3. Reduction in the number of forms of corporation

A number of corporate forms are being abolished. Only 7 will remain, in addition to the partnership without legal personality (“maatschap”/”société simple”):

  • The public limited liability company (NV/SA).
  • The private company (BV/SRL).
  • The cooperative company (CV/SC).
  • The partnership (VOF/SNC).
  • The limited partnership (CommV/SComm).
  • The European company (SE).
  • The European cooperative company (SCE).

 The latter two being mainly governed by European law.

Existing companies in a form that is being abolished will have to convert into a remaining form before 2024. Companies that fail to do so will automatically be converted at that time. In addition, from January 1, 2020, mandatory requirements applicable to the most similar remaining form will apply to companies in a form being abolished.

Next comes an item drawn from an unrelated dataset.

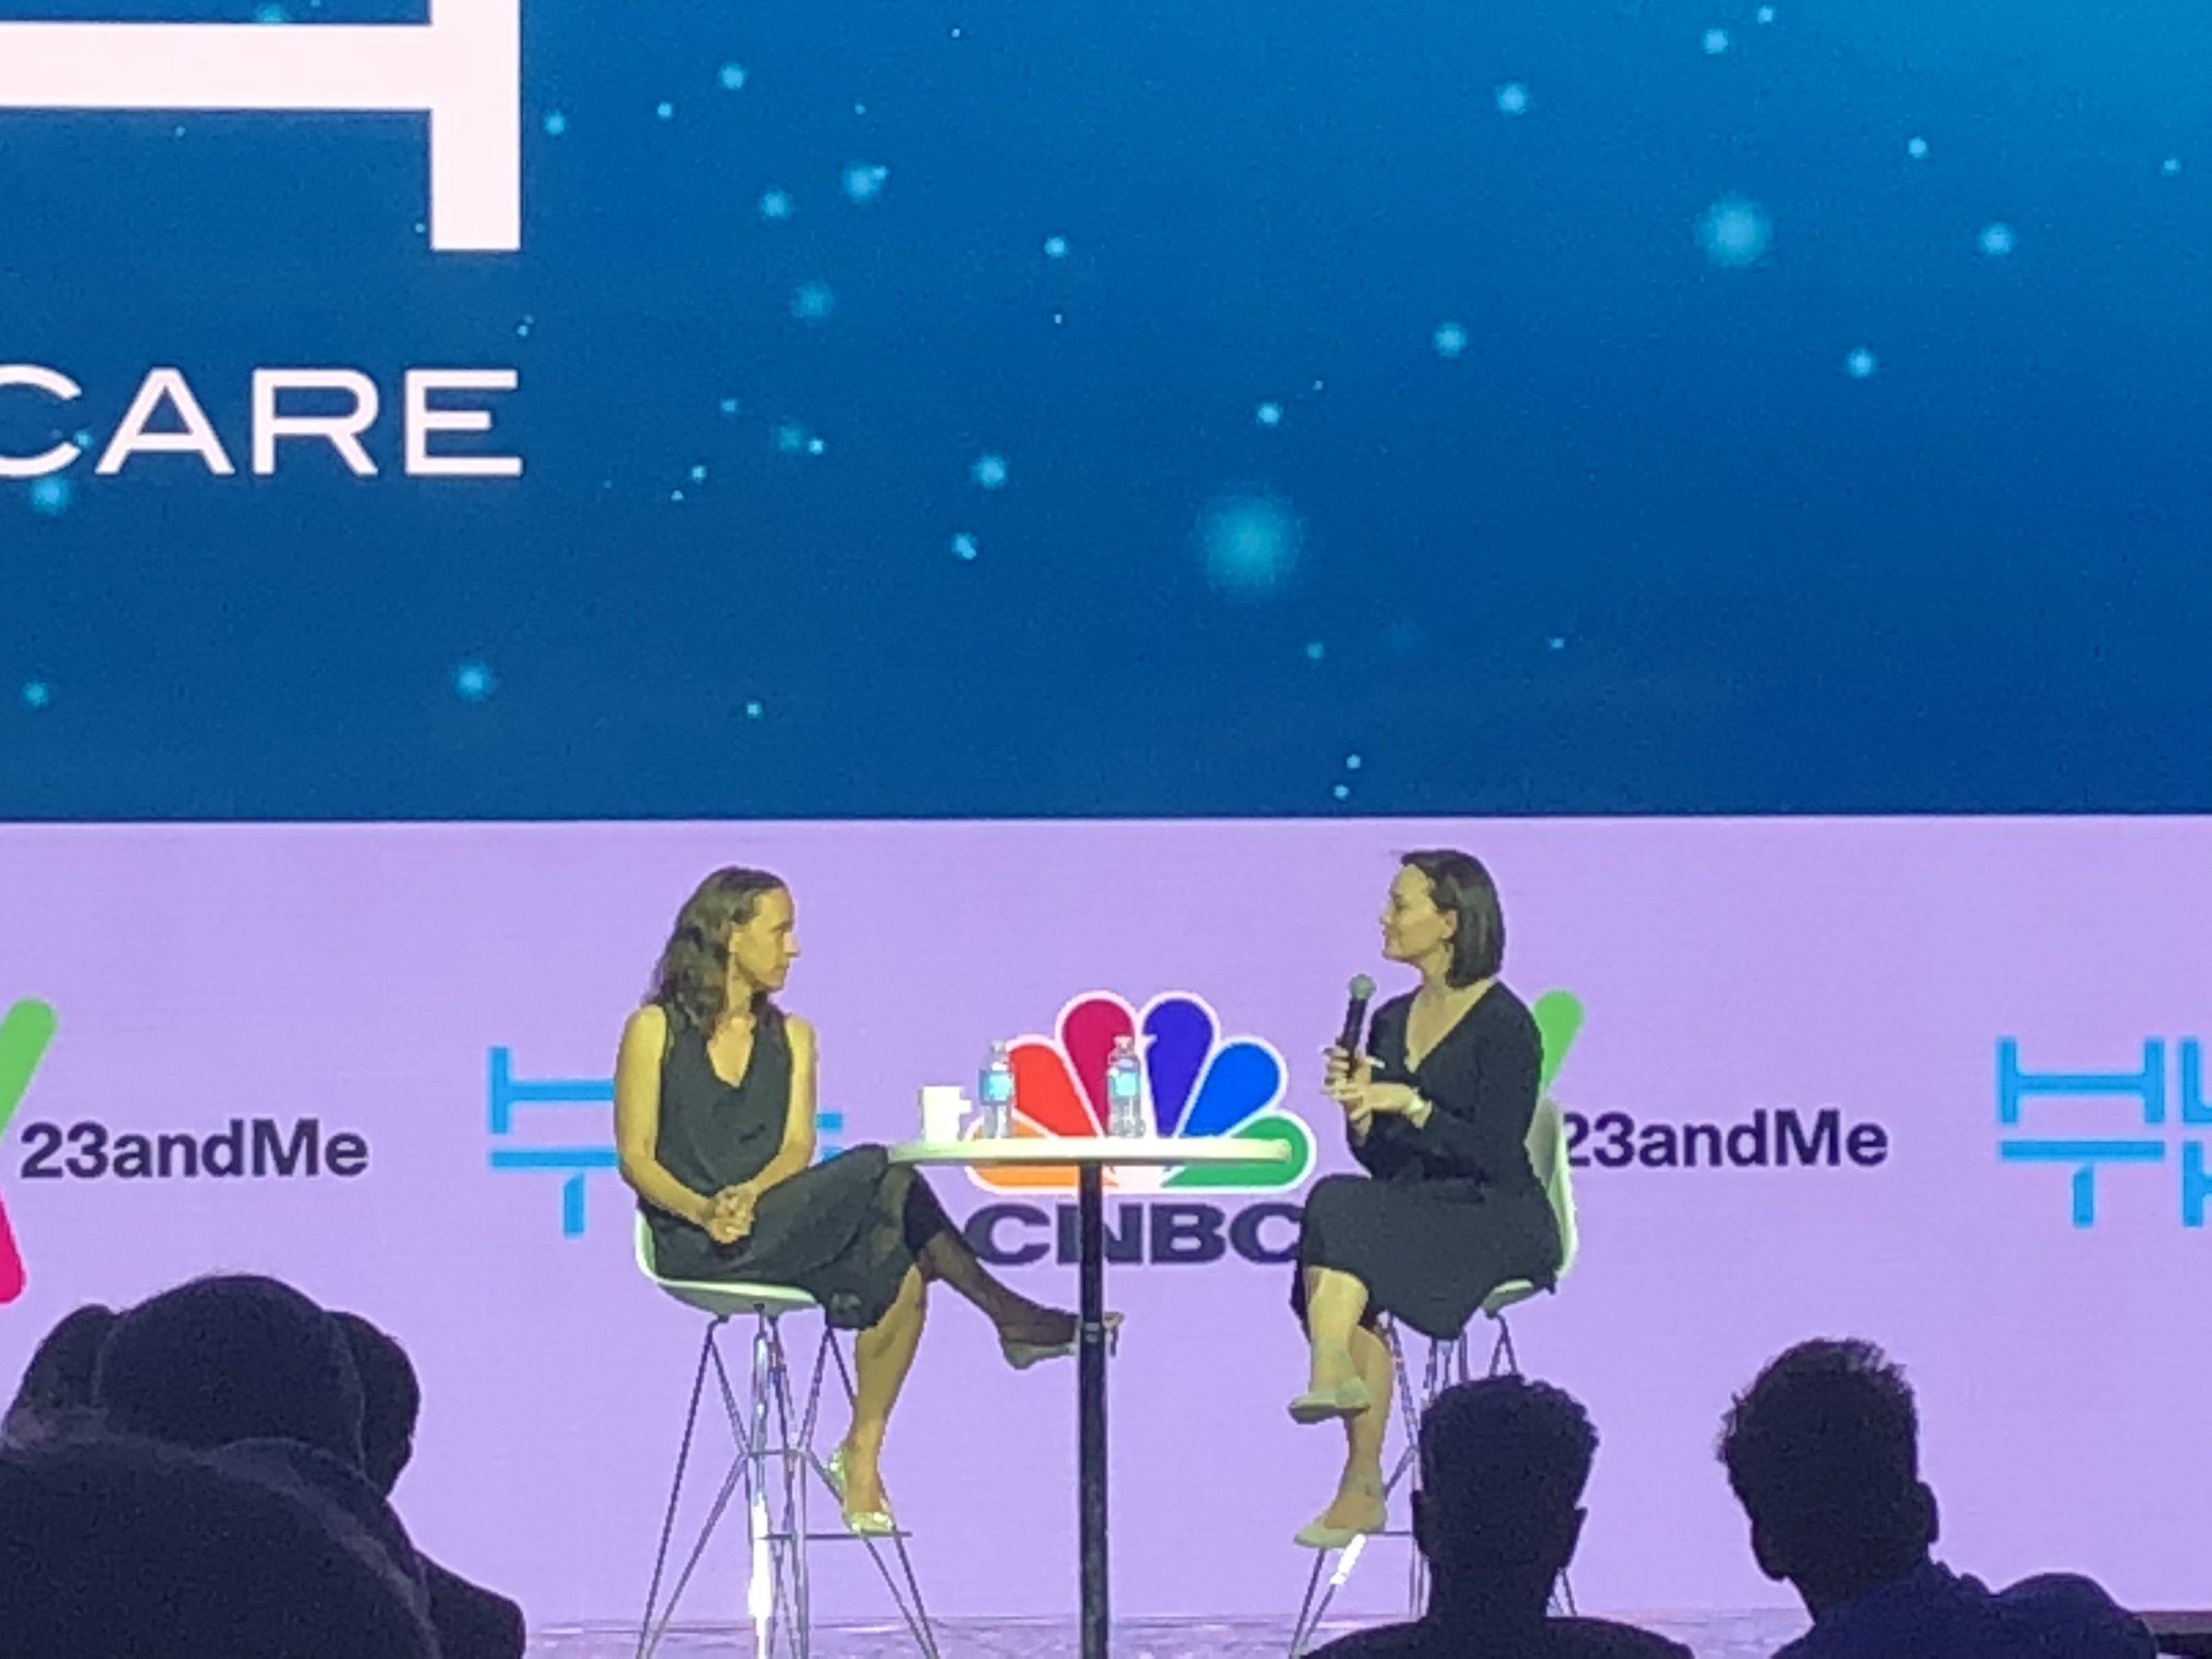 Meg Tirrell  (CNBC) interviews  anne WOJCIcki  (Co-Founder/CEO, 23andme)

4. The BV/SRL becomes the “default” form and abolition of the share capital requirement

The new BV / SRL (which replaces the BVBA / SPRL) is intended to become the “default corporate form” for unlisted companies.

The BV / SRL form will be characterized by a light and flexible regime, without capital requirements, and with the possibility of multiple voting rights, of flexible dividend rights, and enhanced flexibility for share transfers.

This creates options for start-up companies and family-owned businesses, which can now grant additional rights to investors.

The share capital requirement of 18,550 Euro is abolished and replaced by alternative safeguards such as a liquidity-based test restricting distributions.

5. A more flexible governance structure for the NV / SA

NV/SA will have the choice of opting for (i) a sole director, (ii) a system whereby the company is governed solely by a board of directors, or (iii) a dual system whereby the company is governed by a board of executives together with a separate supervisory board (each with distinct competencies and composition).

It will also be possible to have a single shareholder, as in the case of BV. Multiple voting rights will be possible in a non-listed NV/SA. Dual voting rights will be possible in a listed NV/SA.

6. A capped liability for directors

The liability of directors, including de facto directors, will be limited to a specified amount of between 125.000 Euro and 12.000.000 Euro (depending mainly on the turnover and balance sheet of the company). This cap will apply collectively to all directors. The cap will not apply in case of fraud, minor fault of a habitual rather than accidental nature, serious misconduct or certain other exceptions (including unpaid social contributions, corporate income tax or VAT). 

This new system is likely to have an impact on the willingness of individuals to act as directors, (particularly as this can be combined with D&O insurance covering the entire capped amount).

Another significant change is the introduction of a specific liability for continuing to engage in loss generating activities, also known as “wrongful trading”.

7. Entry into force and transition provisions

The Companies and Associations Code will enter into force on May 1, 2019. Companies incorporated after that date will be governed by the new Code.

Companies already existing on May 1, 2019 will be subject to the new code as from January 1, 2020, but may “opt-in” earlier. In the event that they amend their articles of association after January 1, 2020 (with a few exceptions), companies will be required to do so in compliance with the new Code, and articles of association must, in any event, be amended in line with the new Code no later than January 1, 2024.